I'm young. Only 18 years old. I just got to go on a trip to Tokyo that I saved for all by myself. I have a boyfriend of almost two years. I'm registered for university in the fall. Everything seems fine on the really shallow surface. But I'm not okay. I haven't been this not-okay in a long time.
I'm a province away from my university with no savings (cause of the trip) and no help to get back with my things. My mother promised me that if I came to live with her that everything would work out but she just lied to me and now I'm stranded here. She claims she wants me to live with her because she misses me but all she wants me for is rent money and that's why she isn't helping me to leave. I have no money for an apartment near my university, no savings of any sort, and no way to even get back to the city my uni is in without paying a lot of money (a LOT of money) to ship my things back. On top of that, the only place that would hire me (because I have to be honest and tell interviewers that I'm going to be leaving the province as soon as possible) is super part time, so I'm making very little money to begin with, which means I have to wait longer to leave and start saving for school. Because of all this, I don't think I'm going to be able to go to school at all. I already took a year off for the Tokyo trip and at this point I just feel like an abysmal failure.
On top of all the uni stuff, my mom and step dad either want me out of the house now or paying rent, even though they know that I no longer have any money to do either of those things and THEY were the ones who wanted me to come here. They say that it is because they are hard pressed for money but they have a massive house, a trailer, two vehicles, a full fridge, and enough money to be throwing away into new fish tanks and outside crap while their daughter SAVING FOR THE HARDEST YEARS OF HER LIFE is going to be eating ramen and ketchup and working late into the nights just to survive living alone during university years. Yeah. That's nice. Considering they aren't going to be giving me a penny for school either, when I'm not even going to be making much in student loans because of how much my parents make.

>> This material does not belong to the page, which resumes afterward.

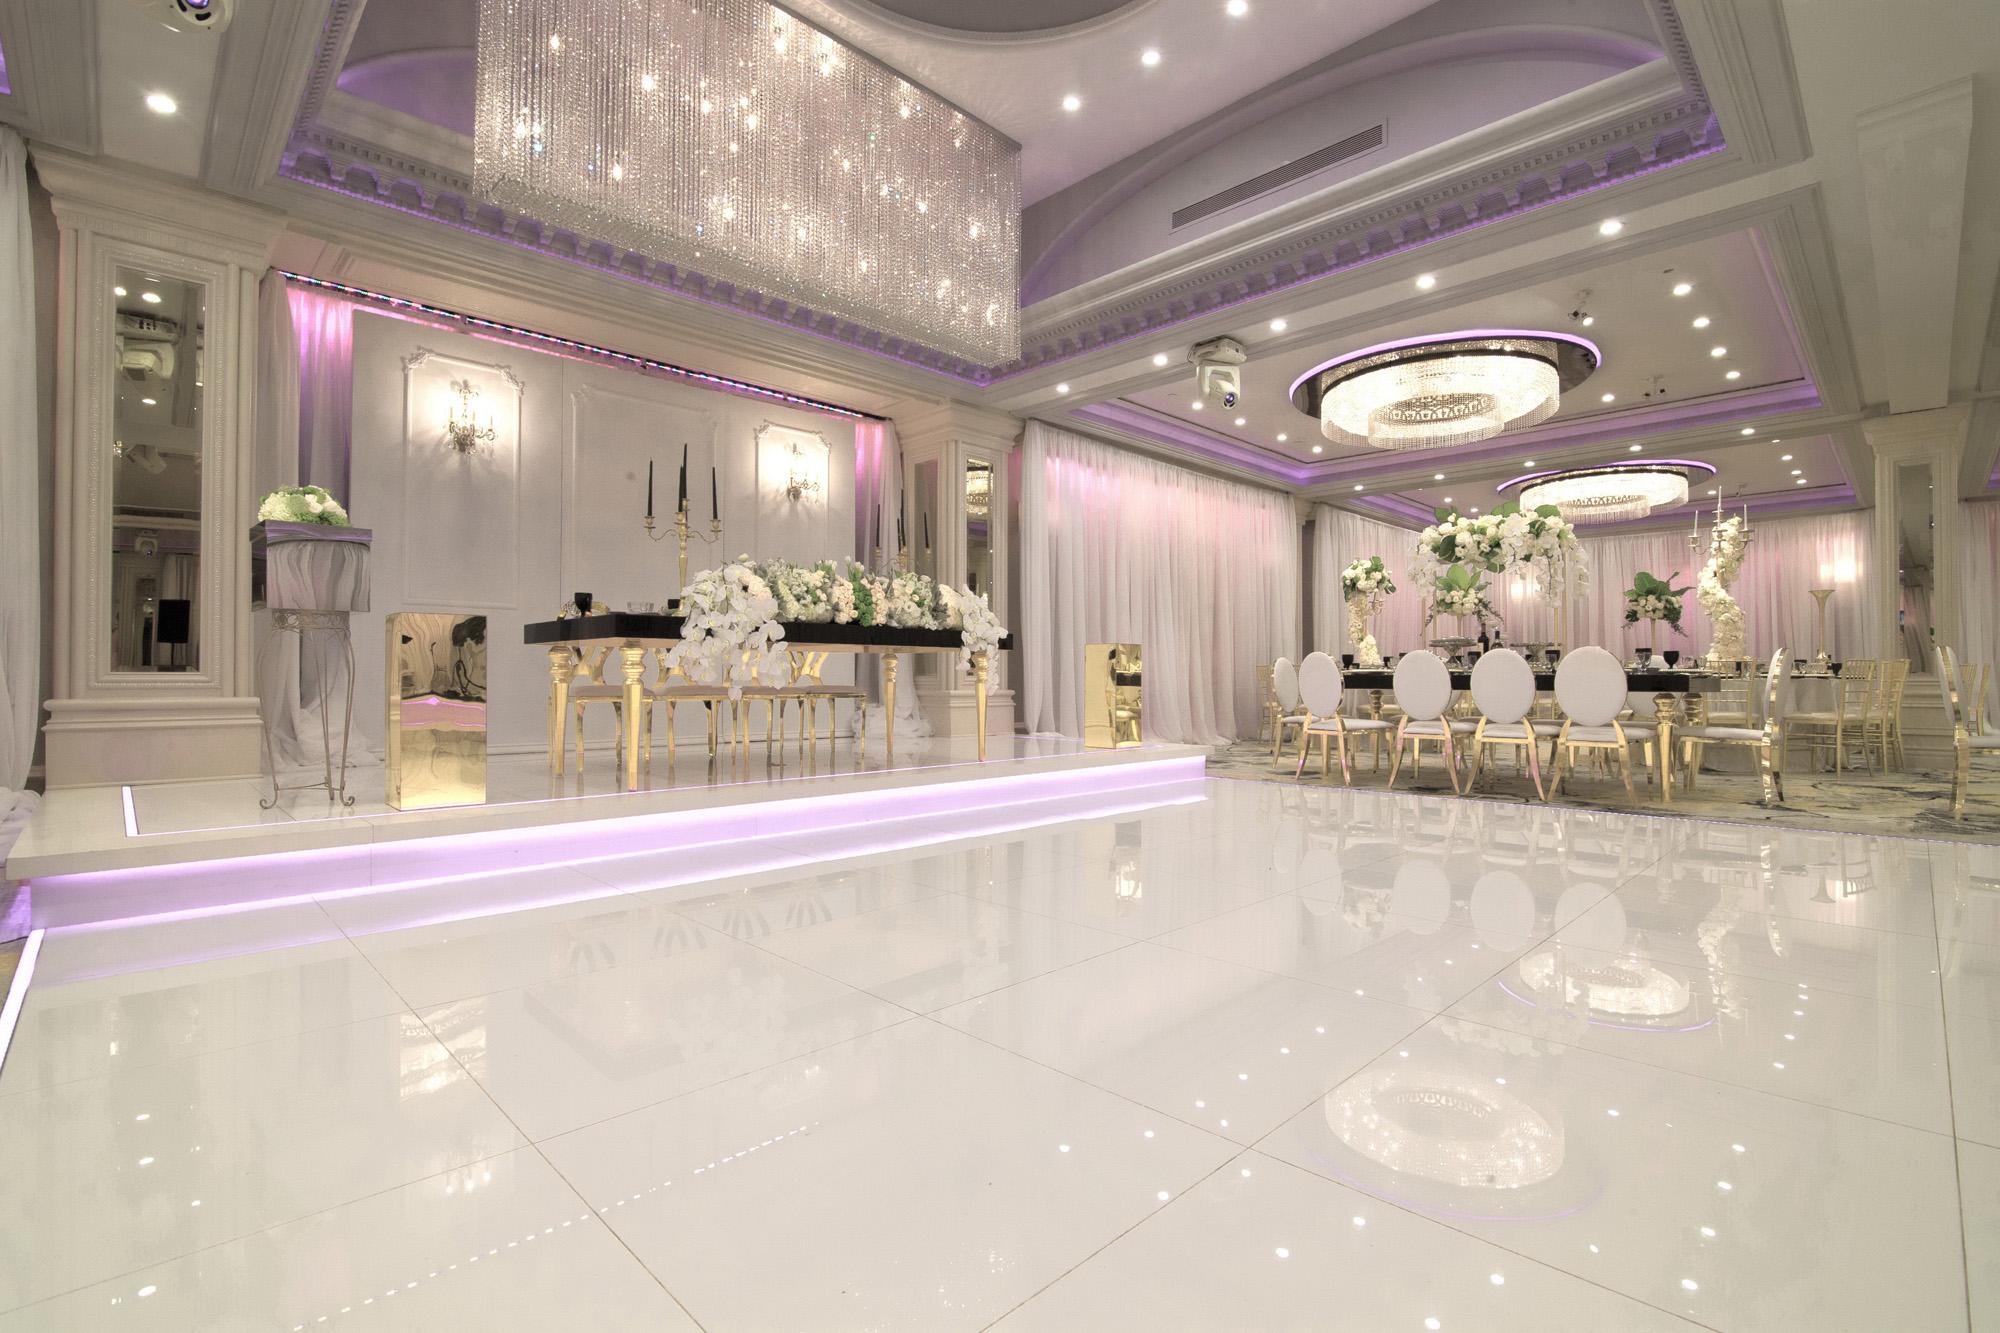 Contemporary Event & Wedding Venues In Glendale, CA

My dad is just... ugh. He hates everything about me and isn't afraid to remind me every time I'm near him, and then sometimes even when I'm not. He treats me like garbage and is my primary motivation for wanting to kill myself most of the time. So obviously I'm not getting any help from him. He doesn't even want me to go to uni at all, he wants me to go into a trade because all he cares about is money. Which, like my mom and step dad, is why he wants me to live with him.
The only reason anyone in my family 'wants' me is because of money. I'm stranded here, loosing hope and motivation, and I'm starting to look at suicide as a valid option again. I want to get a doctorate, and at this point, I don't even think I'm going to be able to go to university for a day.
I don't even want to eat anymore because yesterday I watched my little siblings for 9 hours on 3 hours of sleep and then was yelled at and told that I didn't even deserve to be fed anymore when I said that I was tired and didnt want to watch them anymore since they were home.
Everything is just falling apart. I don't want to be here anymore. I just want to dissapear off the planet so I can stop being an annoyance to everyone. No one really cares about me anyway.